The performance achieved with this interface was measured as an average latency of 560 ns per dmove64 packet, corresponding to a data rate of 114 Mbyte/s.
H. Test setup
The test ringlet at CERN consists of two SCI nodes, mounted on VMEbus modules and controlled from a SUN hostcomputer though VMEbus. The DMA node, based on the 68040 FIC module allows for fast block transfers. The node based on the R3000 RIO module is driven by firmware and implements all SCI transactions of the nodechip at a substancially lower speed. The SCI diagnostic tracer, inserted as passive device, is used to display SCI packets on the screen of a Tektronix DAS 9200 logic state analyzer.
Firmware is cross-developed on the SUN host and downloaded through the PT SBS-915 SBUS to VME interface, to the nodes.
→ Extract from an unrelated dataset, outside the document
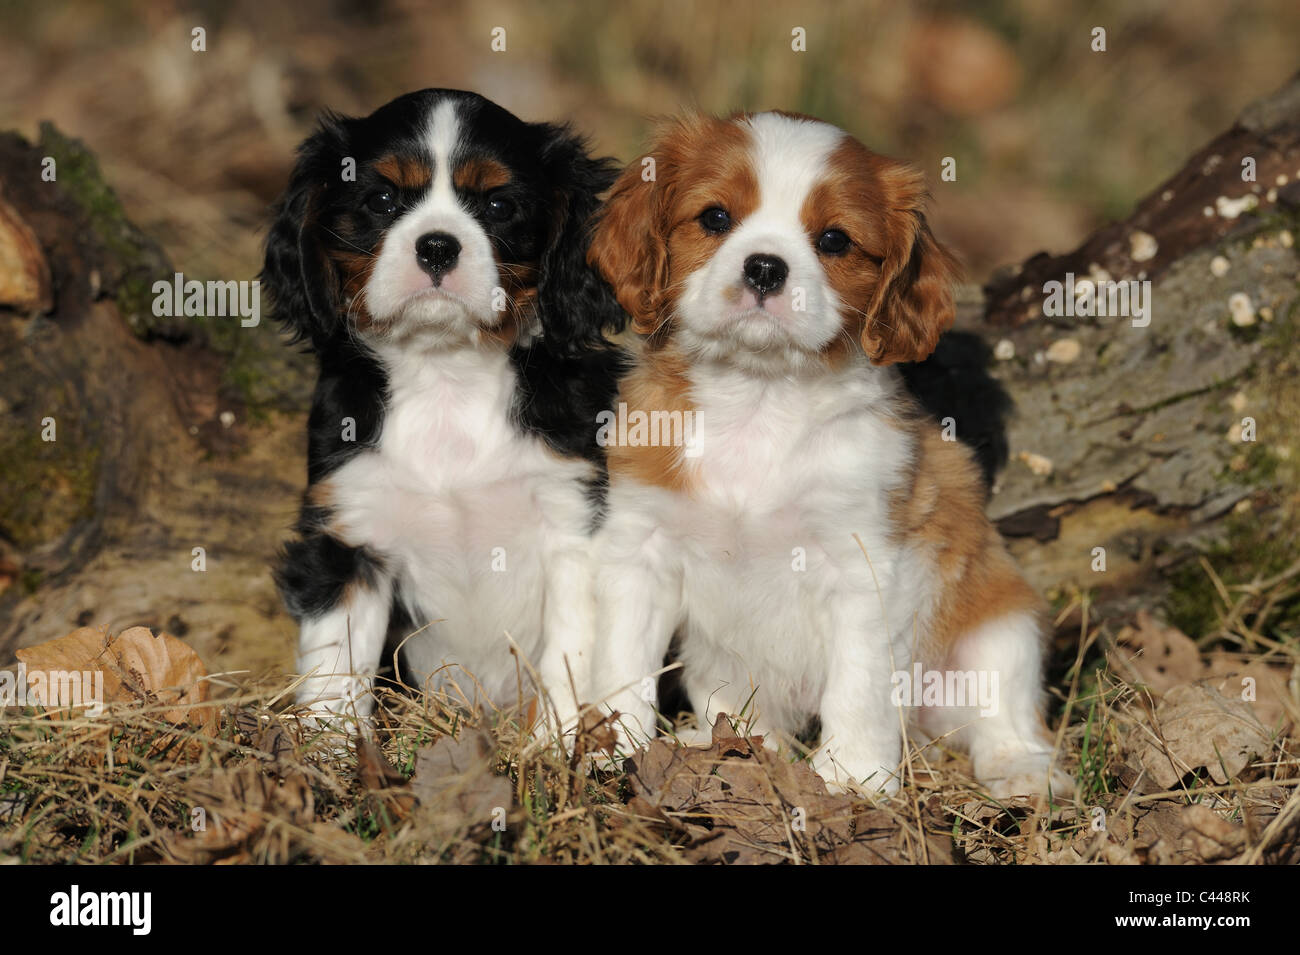 Cavalier King Charles Spaniel (Canis lupus familiaris), two puppies sitting in front of a log. Stock Photo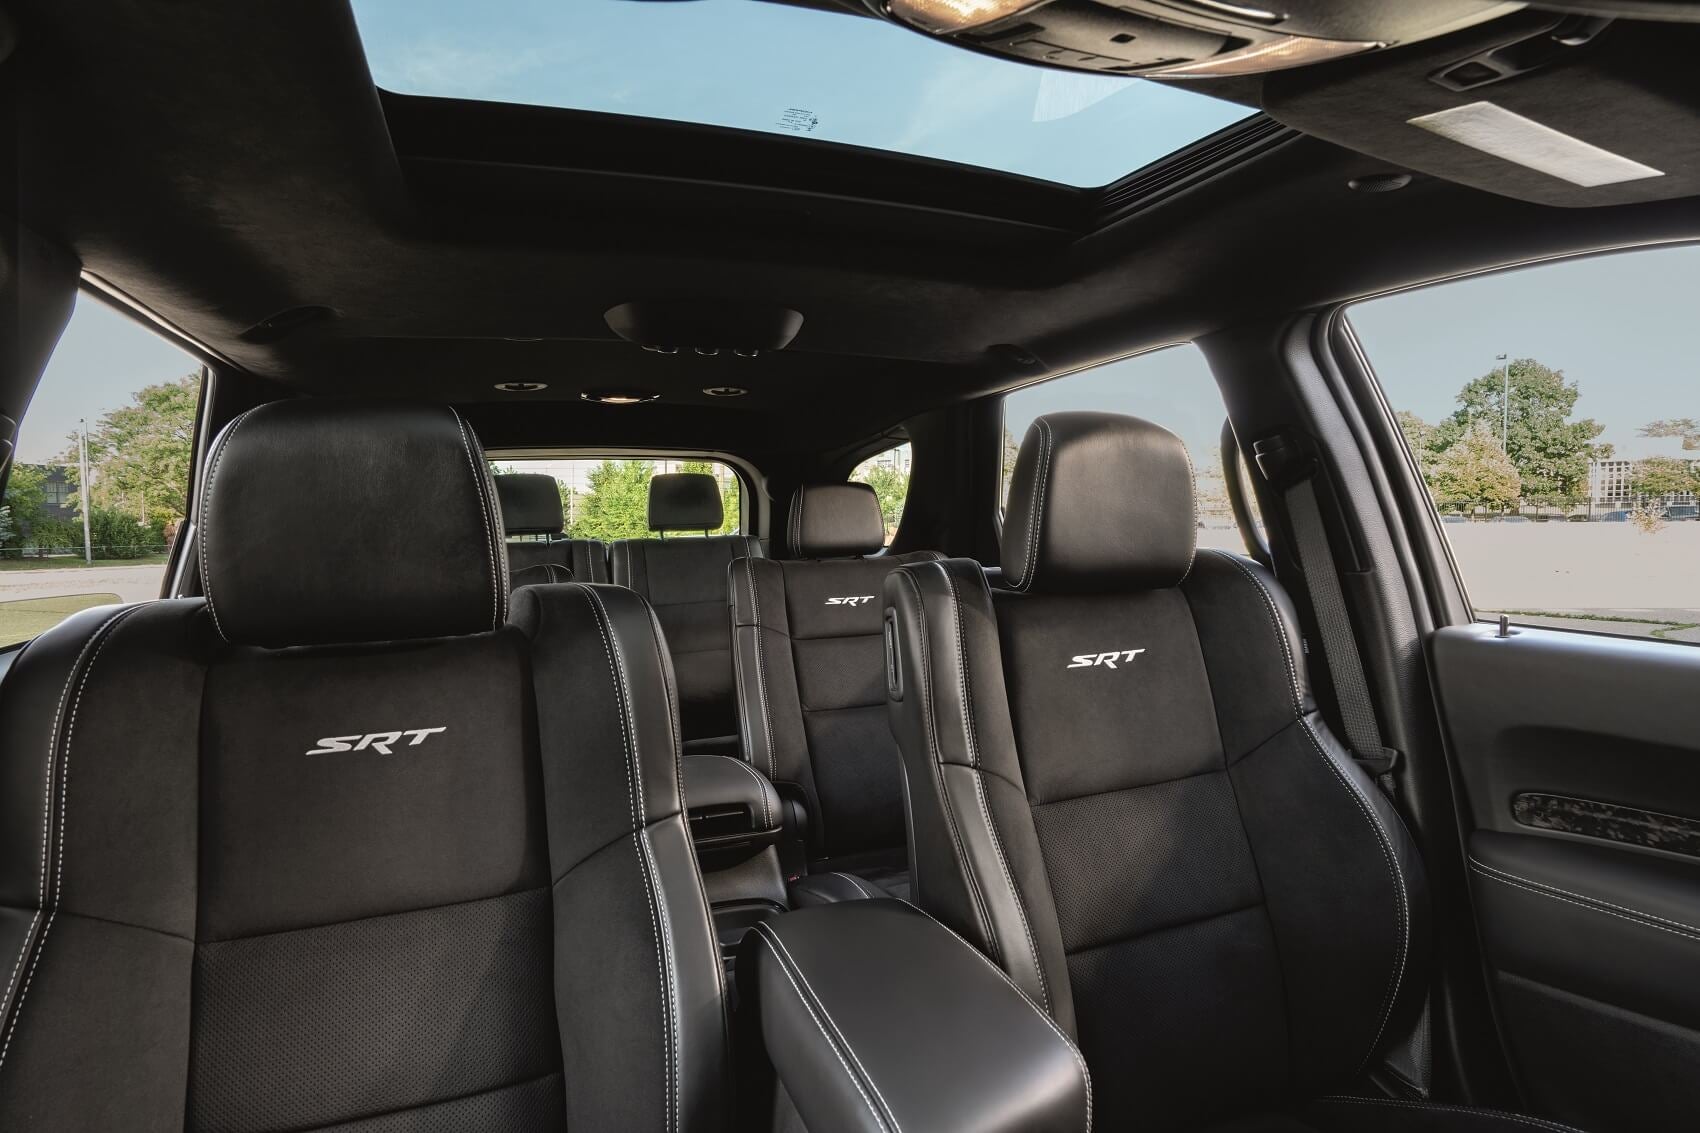 2022 Dodge Durango: An Abundance of Comfort and Stowing inside the Cabin

I. Test and servers software
During the development of the two nodeinterfaces, several test packages have been written to validate hardware and software. A terminal-driven diagnostic package can be executed either on the R3000 or on the SUN host. More complicated client/server state machines have been written to debug the first SCI hardware. Millions of SCI transactions have been validated on each node. In a further step, the two nodes have been examined for communication between each other, again without problems in data or protocol consistency Our next step will be the verification of a more flexible R3000 server, capable of transactions between SCI, VMEbus and a planned TURBOchannel interface, optionally via SCI coherent protocols.
J. Diagnostics
As part of its product suite, Dolphin is developing an SCI Tracer for debugging and diagnosis of SCI systems. The SCI Tracer is a special logic analyzer which can acquire and analyze SCI symbols from an active SCI link at the speed of 1 GByte/s. The hardware is implemented in a multi-board VME module. It consists of: an SCI board, a map board with memory maps for trigger patterns to control the tracing process and a storage board with 256 KByte of memory. Different types of triggers can be recognized and used as the basis for storing sequences of SCI packets. During the project, the first version of the SCI Tracerthe LinkProbe™ -has been made available as a product [10] . This is a front-end to a logic analyzer (such as the Tektronix DAS 9000), and is upgradable to a complete SCI Tracer. 
IV. CONCLUSION
First SCI protocol chips have been successfully used to design HEP specific nodes for an SCI ringlet at CERN. The speed of a CERN designed DMA node achieved more than100 Mbyte/s and will scale up by a factor of two for the final NodeChip™. Our firmware approach to control an SCI RISC node in a flexible and re-programmable way was succesful and allowed generation of a large set of SCI transaction for validation of SCI protocols. We used an SCI tracer module from Dolphin to monitor SCI protocols and packet content directly at the link.
V. ACKNOWLEDGMENT
This project has been funded by the DRDC Committee from CERN, the Norwegian Research Council, the Physics Department of the University of OSLO, Creative Electronic Systems (CES) in Geneva, the DEC Joint Project at CERN and APPLE Computer Inc. in Cupertino.